WHAT YOU NEED TO DO
Reproduce the listing below exactly. Pictures do not belong in the copy.

MATERIAL PROVIDED
□ □ □ □ □

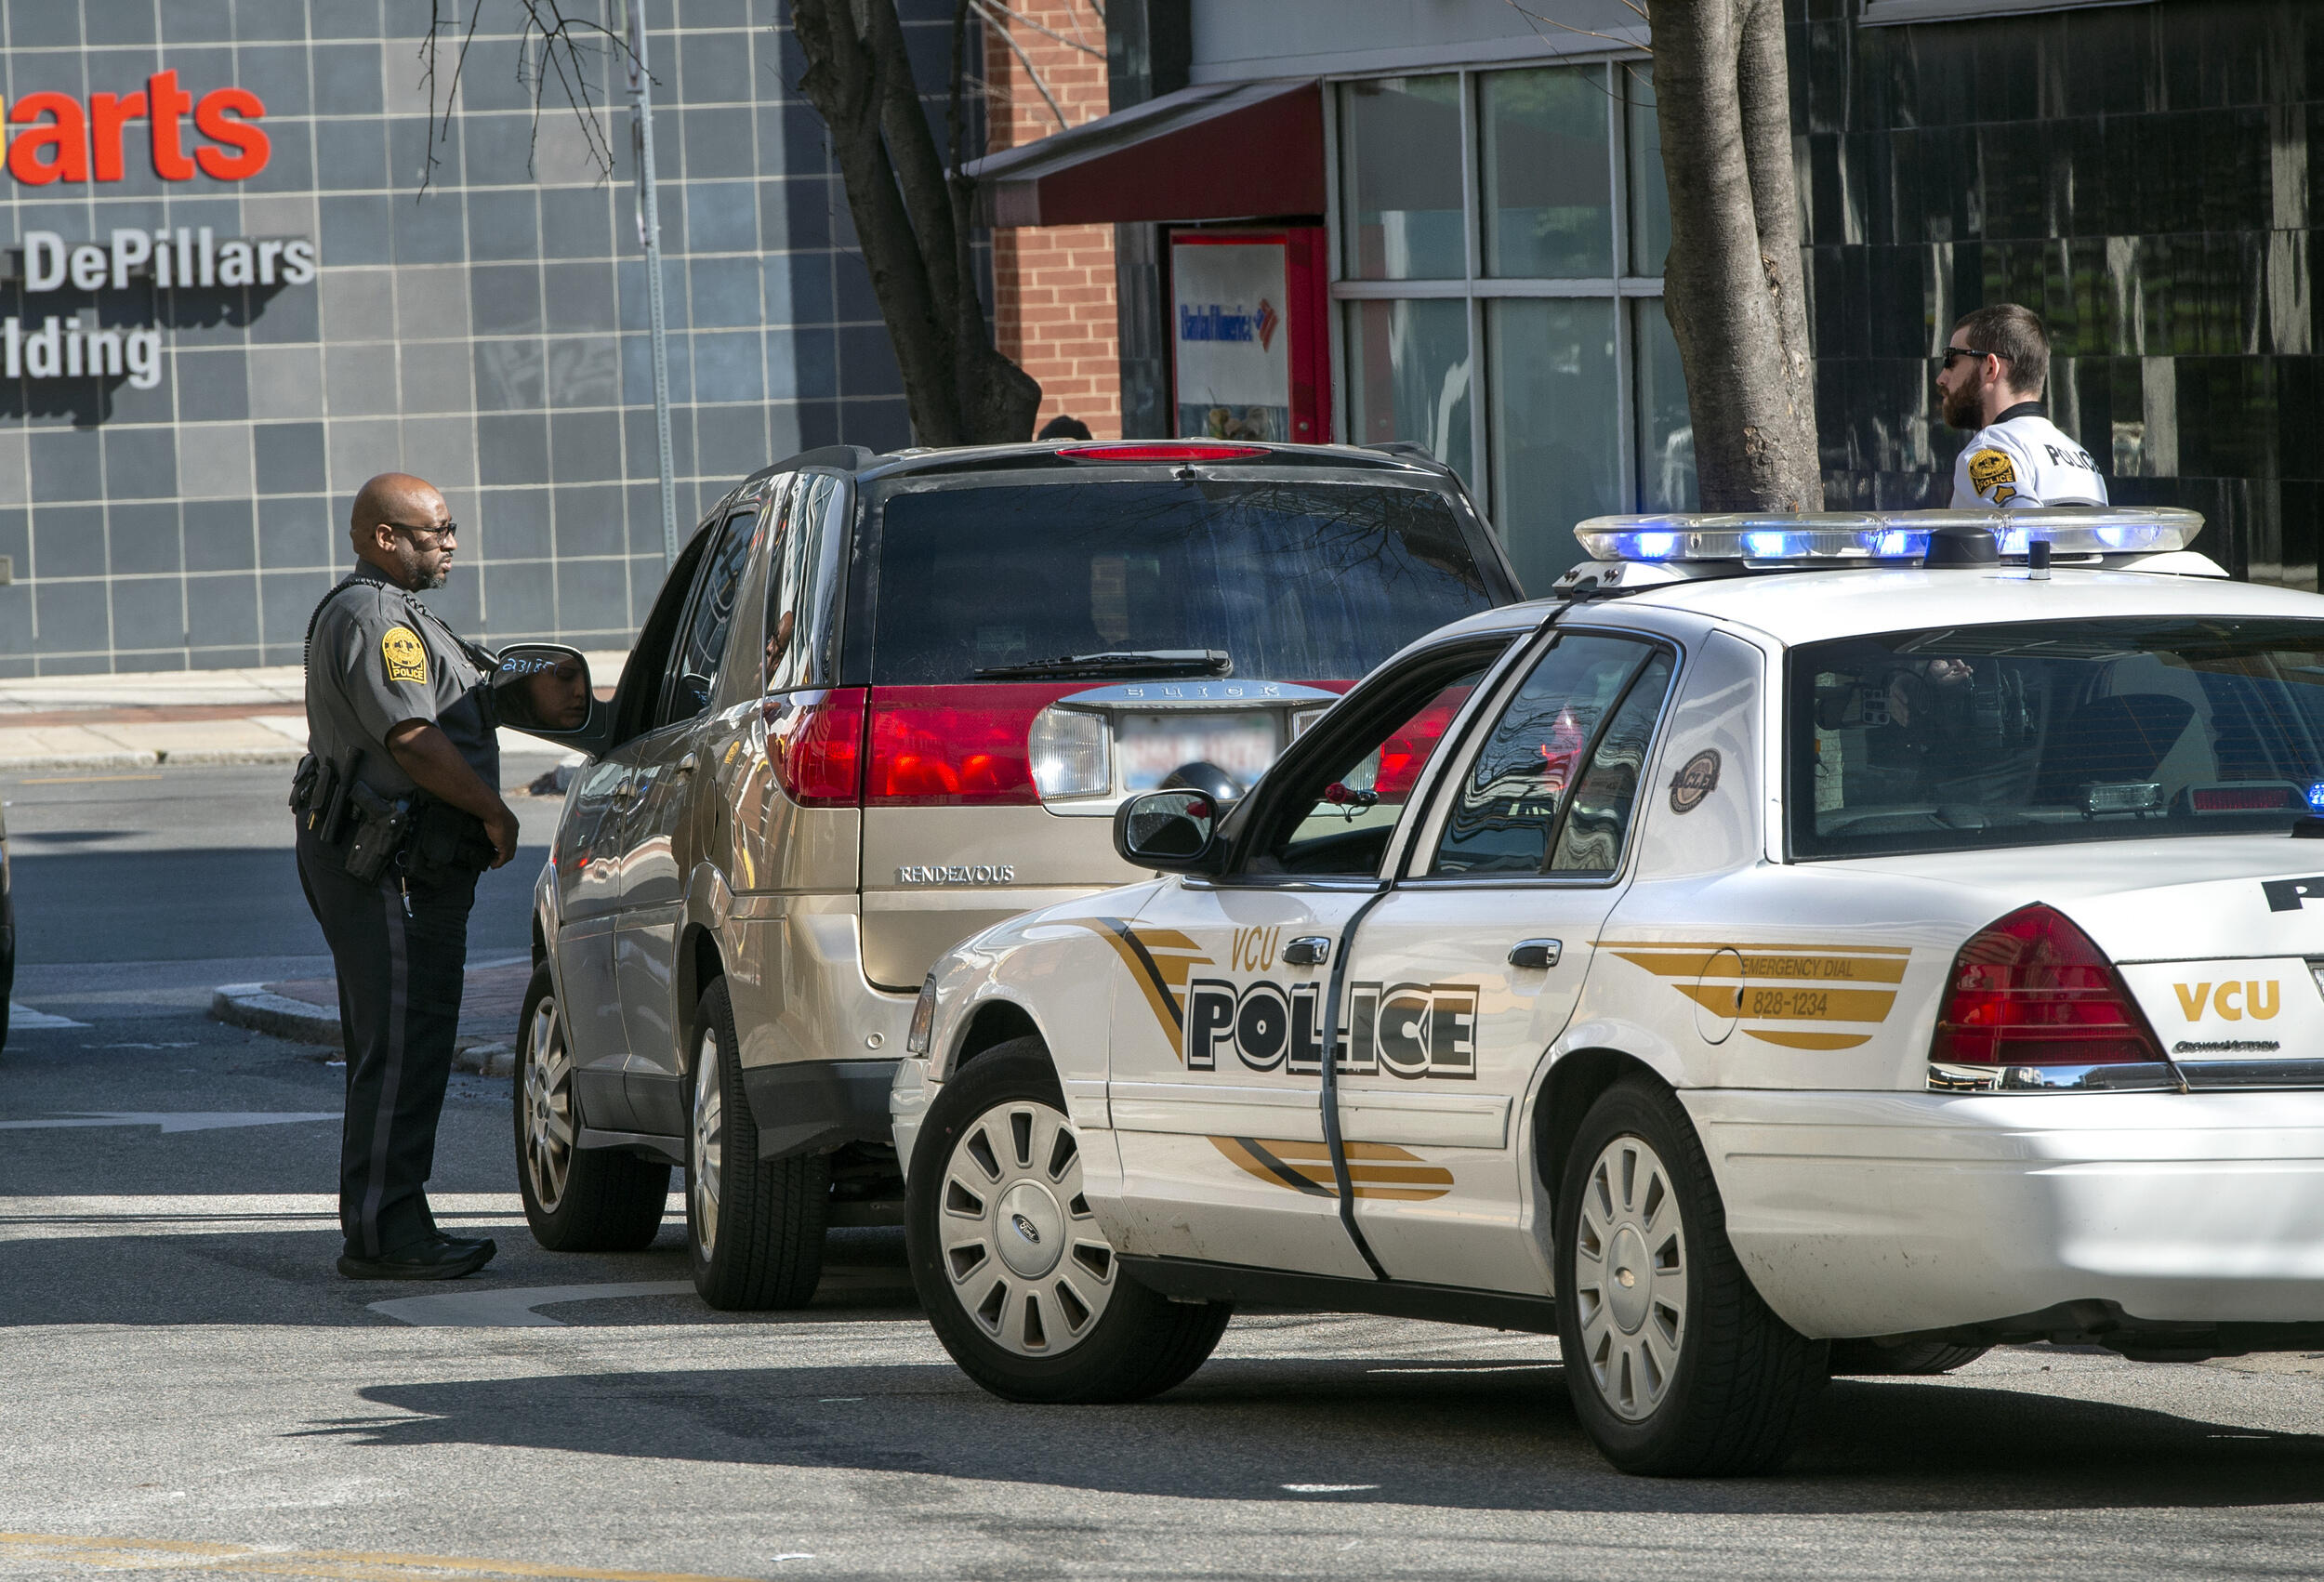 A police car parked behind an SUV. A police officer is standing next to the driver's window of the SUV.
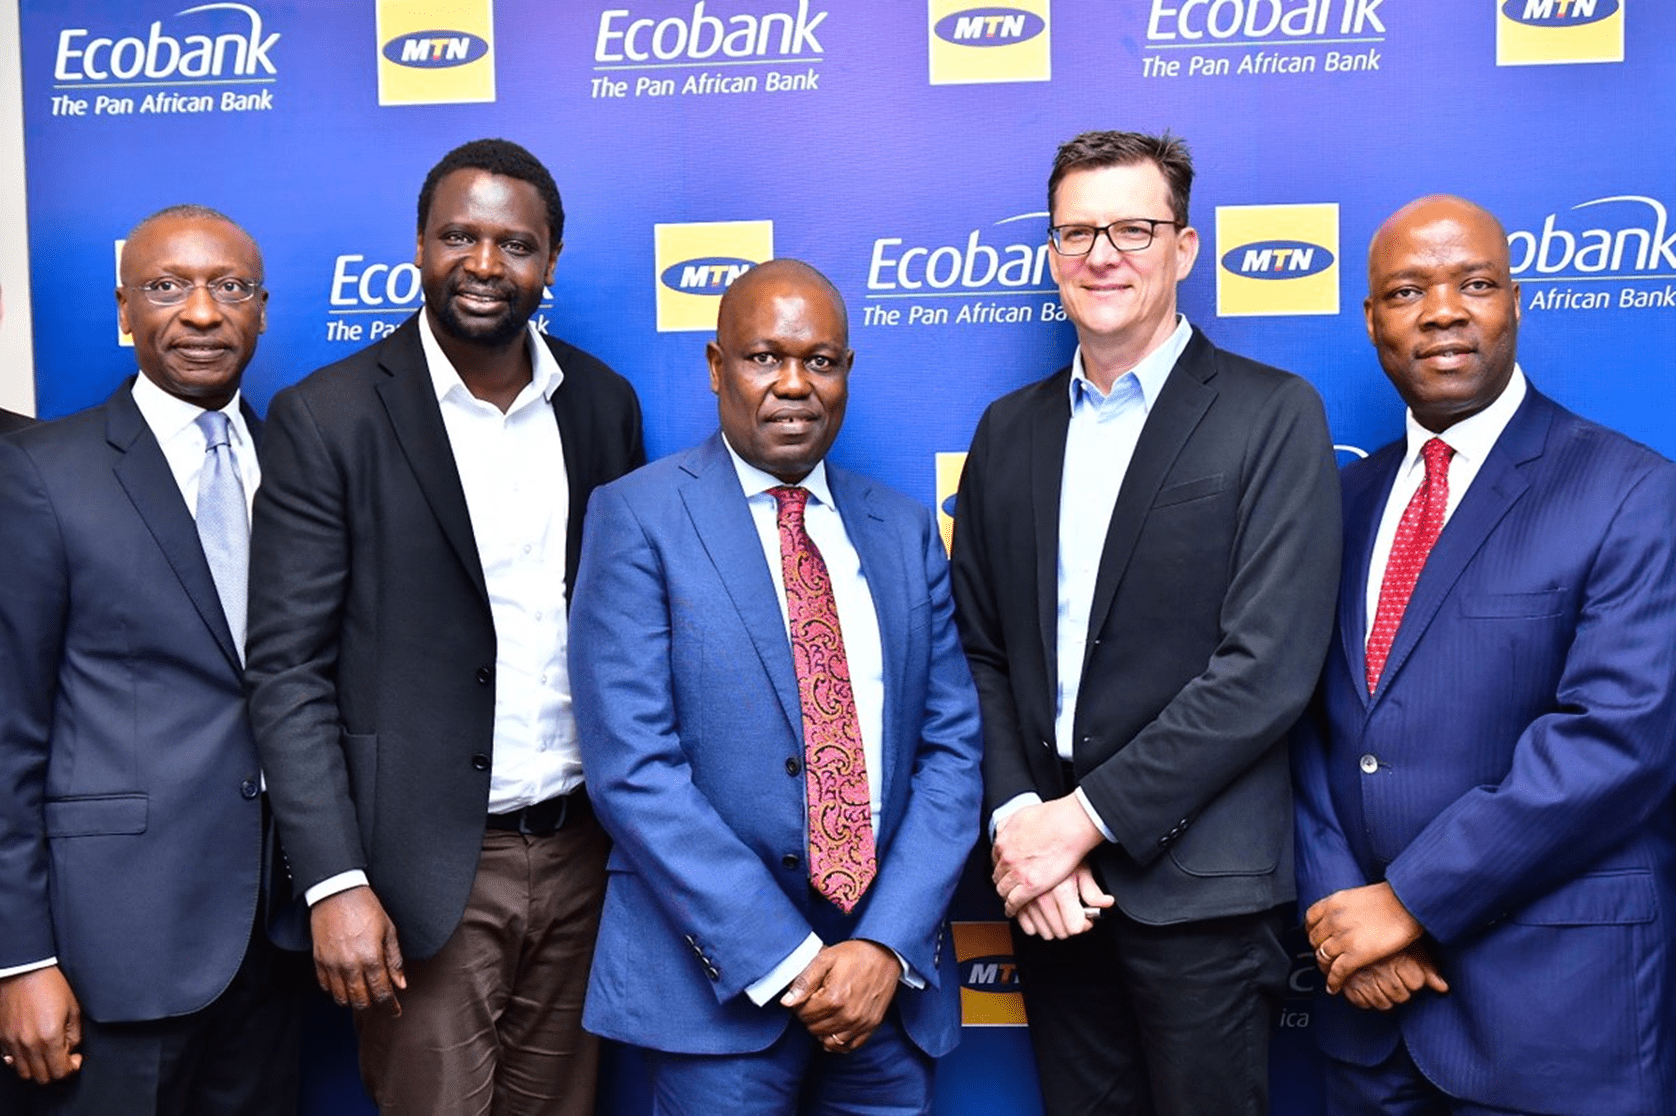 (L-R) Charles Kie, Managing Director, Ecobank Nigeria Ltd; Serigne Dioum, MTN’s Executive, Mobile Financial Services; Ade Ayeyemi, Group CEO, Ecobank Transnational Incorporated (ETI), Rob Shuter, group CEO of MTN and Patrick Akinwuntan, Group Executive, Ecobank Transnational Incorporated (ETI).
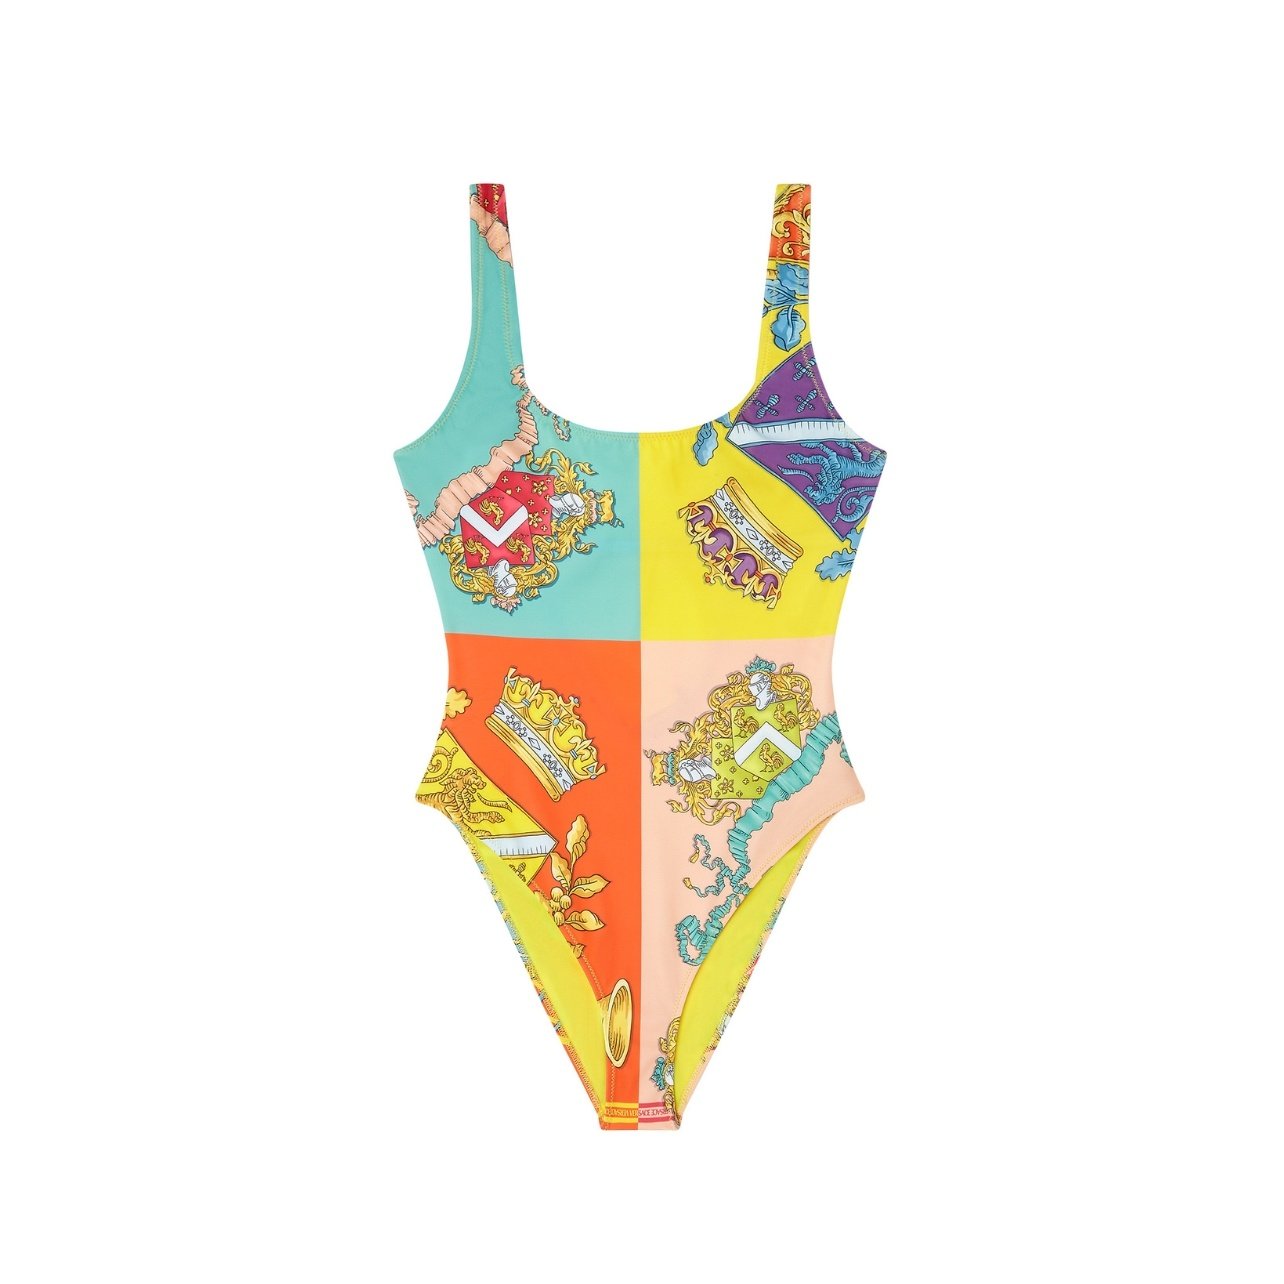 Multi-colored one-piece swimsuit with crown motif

□ □ □ □ □

TASK OUTPUT
 A police car parked behind an SUV. A police officer is standing next to the driver's window of the SUV.
 (L-R) Charles Kie, Managing Director, Ecobank Nigeria Ltd; Serigne Dioum, MTN’s Executive, Mobile Financial Services; Ade Ayeyemi, Group CEO, Ecobank Transnational Incorporated (ETI), Rob Shuter, group CEO of MTN and Patrick Akinwuntan, Group Executive, Ecobank Transnational Incorporated (ETI).
 Multi-colored one-piece swimsuit with crown motif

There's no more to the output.